Even with all this going for it, the BW BeatlesFest concert of Magical Mystery Tour wouldn’t have risen above some of the finest Beatles tributes without the Ringo-like groove laid down by drummer Sarah Brooks, who spent the past year memorizing her parts. Most fully arranged and scored renditions of Beatles music are accompanied by drummers who may look like Ringo and shake their bangs like Ringo, but hardly any are capable of capturing his ephemeral groove, the unconventional tom fills, the way-behind-the-beat “feel” that makes Beatles records so unique. Brooks achieved that and singlehandedly lifted the BW BeatlesFest into the top tier.
Hey Jude, Part 1
BW Conservatory Director Susan Van Vorst deserves credit for embracing the event and offering full support, including access to the large Patrick Theatre, which was full to capacity with students waiting hours for free tix. Van Vorst even joined in on piano for the encore, “Hey Jude.”
Hey Jude, Part 2
And next year? Just as BW’s Bach Fest rotates the master’s four major works every four years (the B-Minor Mass, the St. John Passion, the St. Matthew Passion and the Christmas Oratorio), the BW Beatles Festival will do the same. So tension mounted as fans pondered on the fourth Beatles album, which was announced at the conclusion of the Mystery Tour. For 2014, with a number of key students graduating, the next generation will take on The Beatles’ only double album, known as The White Album.
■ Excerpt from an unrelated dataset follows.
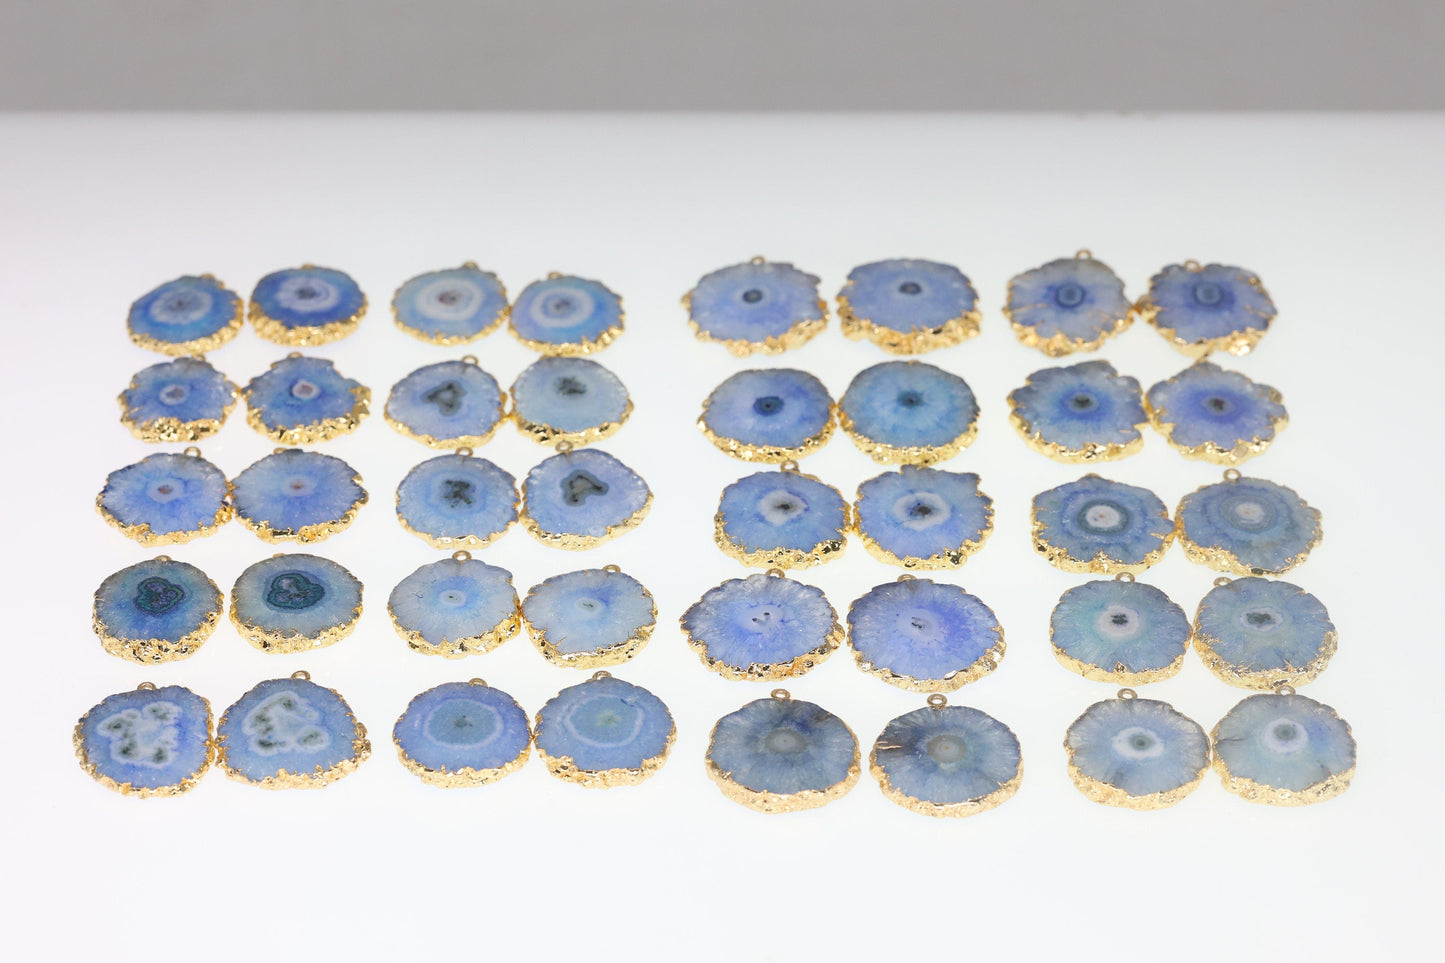 Pairs Blue Solar Quartz Gemstones For Earring 1 Bail Gold edged 20 - 30 mm 2 Side Hand Polished - Meena Design

While My Guitar Gently Weeps
You’d think they’d need more time to tackle the 30 songs make up what many believe to be The Beatles’ crowning achievement, requiring 25 guest musicians and a production team of five recording for the first time on eight tracks, to capture the imagination of the world’s greatest band. And in fact, they’ve already begun. As a preview, the ensemble performed George Harrison’s “While My Guitar Gently Weeps,” to a screaming audience.
It may not be too soon to start waiting in line now.